Numerous recent studies have demonstrated how Deep Neural Network (DNN)
classifiers can be fooled by adversarial examples, in which an attacker adds
perturbations to an original sample, causing the classifier to misclassify the
sample. Adversarial attacks that render DNNs vulnerable in real life represent
a serious threat in autonomous vehicles, malware filters, or biometric
authentication systems. In this paper, we apply Fast Gradient Sign Method to
introduce perturbations to a facial image dataset and then test the output on a
different classifier that we trained ourselves, to analyze transferability of
this method. Next, we craft a variety of different black-box attack algorithms
on a facial image dataset assuming minimal adversarial knowledge, to further
assess the robustness of DNNs in facial recognition. While experimenting with
different image distortion techniques, we focus on modifying single optimal
pixels by a large amount, or modifying all pixels by a smaller amount, or
combining these two attack approaches. While our single-pixel attacks achieved
about a 15% average decrease in classifier confidence level for the actual
class, the all-pixel attacks were more successful and achieved up to an 84%
average decrease in confidence, along with an 81.6% misclassification rate, in
the case of the attack that we tested with the highest levels of perturbation.

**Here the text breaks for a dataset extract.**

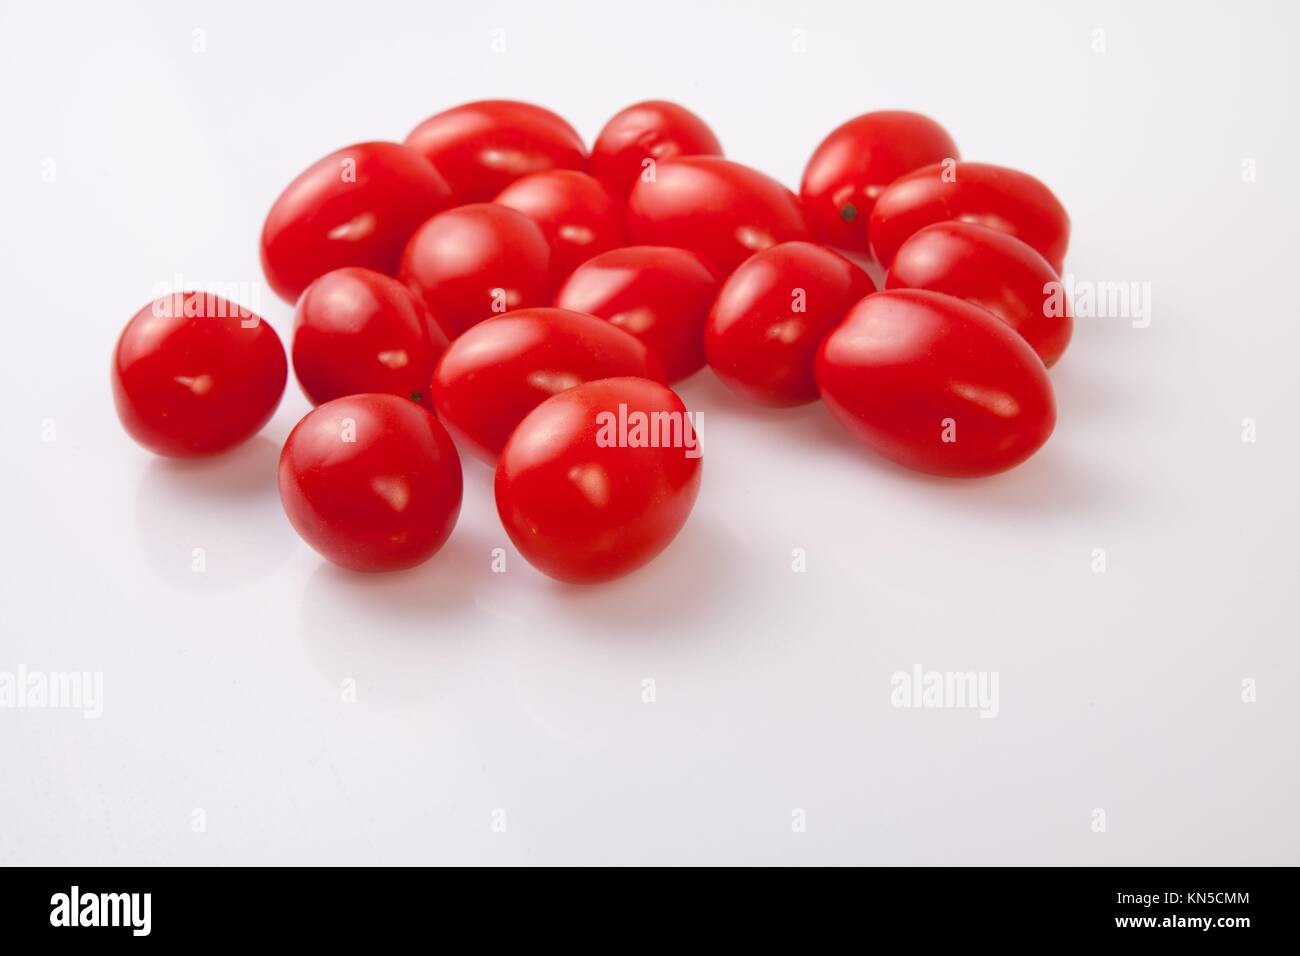 Puñado de rojo brillante de tomates cherry. Aislado sobre fondo blanco. Foto de stock

Even with these high levels of perturbation, the face images remained
identifiable to a human. Understanding how these noised and perturbed images
baffle the classification algorithms can yield valuable advances in the
training of DNNs against defense-aware adversarial attacks, as well as adaptive
noise reduction techniques. We hope our research may help to advance the study
of adversarial attacks on DNNs and defensive mechanisms to counteract them,
particularly in the facial recognition domain.